On DEVONthink

And now, a word about DEVONthink. They describe it as a "smart information assistant", although you could think of it as a sort of MyResearchBits.

On its face, DEVONthink is a versatile database that can store and retrieve just about any type of data available: PDFs, web clippings, emails, Excel documents, bookmarks, multimedia, RSS feeds, etc. At this level, it's similar to a number of related products. The real value comes in the content analysis functions that are applied to everything you throw at it.

At the heart of every DEVONthink database lies an index of its contents, which is used for both information organization and retrieval functions. Helpfully, DEVONthink exposes much of this index, and you can see the vocabulary of a given document:

Vocabulary.png

...as well for the entire database:

Concordance1.png

My guess is that DEVONthink utilizes vector or probabilistic models, but it would take more digging to find out.

Information Organization

On the IO side, an auto classify feature performs clustering analysis and attempts to identify the folder(s) where the document is best suited. As long as you have a couple similar documents in a given folder, this function works admirably. Double-clicking on a folder moves the document to that location, making it easy to file your documents quickly.

Classify.png

Replication allows you to store a document in multiple places, or replicate an entire folder. This is helpful for training the classifier as well as facilitating logical retrieval.

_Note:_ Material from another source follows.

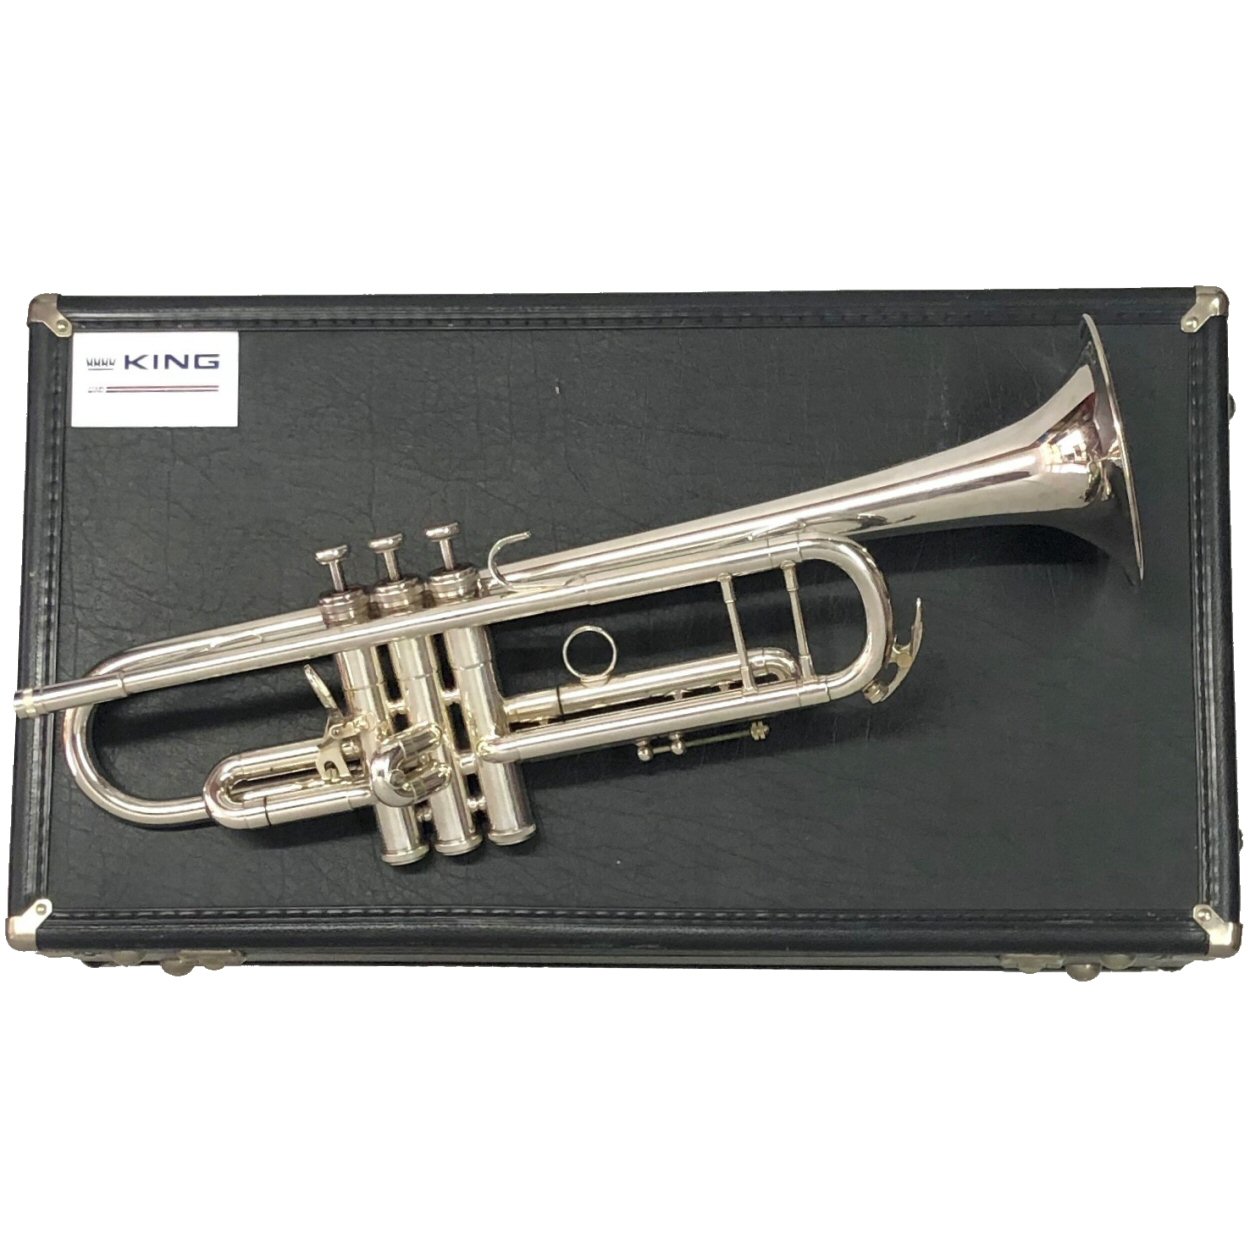 second-hand-king-silver-flair-trumpet-silver-plated-good-condition-2055t

That said, you don't need to organize your information if you don't want to—the other IR functions work as well on a flat structure as a well-organized hierarchy.

Information Retrieval

Perhaps the most unique feature of DEVONthink, the "See Also" bar displays a rank-weighted list of documents related to the current one. By surfacing documents you may not have thought as relevant, this can facilitate serendipity in research.

For this document on GM potatoes, for instance, DEVONthink returns a number of related articles I've saved, including one on Peruvian potato farmer, another document on how genetic modification is transforming agriculture in Europe, and one on a certain incident in which Pringles are ruled as potatoes:

SeeAlso.png

Another example: the previously pictured article on a fatherless baby shark is suggested as a candidate for my folder on Slaughter-house Five notes. No link was immediately apparent, so I glanced through those notes and found the following quote about the seven Earthling sexes:

There were five sexes on Tralfamadore, each of them performing a step necessary in the creation of a new individual. They looked identical to Billy—because their sex differences were all in the fourth dimension... The Tralfamadorians tried to give Billy clues that would help him imagine sex in the invisible dimension. They told him that there could be no Earthling babies without male homosexuals. There could be babies without female homosexuals. There couldn’t be babies without women over sixty-five years old. There could be babies without men over sixty-five. There couldn’t be babies without other babies who had lived an hour or less after birth. And so on.

While this serendipitous insight may be of limited academic value, I can say with reasonable assurance that I wouldn't have thought of the Tralfamadorians while researching virgin births in the local shark population. So I'll chalk that up as useful.

Another valuable feature is advanced search operations:

  • Strict vs fuzzy search (fuzzy search returns near-misspellings, word variants, etc)
  • Regex-style wildcards
  • Boolean operators (e.g., a AND b; a XOR b; NOT b)
  • a NEAR b
  • a BEFORE b
  • etc
  • DEVONthink-Search


Personal use

I already store most of my important content to DEVONthink databases. Ultimately, though, I want to roll everything into DEVONthink through the main services I use to handle links:

  • Diigo/Delicious (partially facilitated through Delicious import scripts)
  • Instapaper (partially facilitated through Instapaper RSS)
  • Twitter (my posted links—need to script this)
  • Twitter (favorited items, which usually indicate a) things I want to read later, or b) occasionally things I actually like. I'll need to script this at some point.)

 

Limitations

Perusing the concordance surfaces insights about some problems that can arise when dealing with bad document content. The highest-weighted words typically arise from problems in PDFs: when words are smashed together in a PDF, they are interpreted as a megaword that is a) extremely rare and b) extremely long (hence the high weighting), but also also c) extremely useless. Searching for "the further out a point is situated" fails to retrieve the needed document, although "thefur" retrieves it instantly.

This is, of course, an issue of bad data, not a bad indexing system—but bad data is surfaced when using the tool. PerhapsasmarterIO/IRenginecould identifyjumbledwordsandparsethemintosomethingmoreuseful.

Another limitation occurs when dealing with long documents. Including an entire book, for instance, makes it difficult for DEVONthink to identify relevant portions of the text. Author Steven Berlin Johnson addresses this by chunking notes and quotes into smaller segments (more from him here); I usually just exclude extremely long documents from the classifier.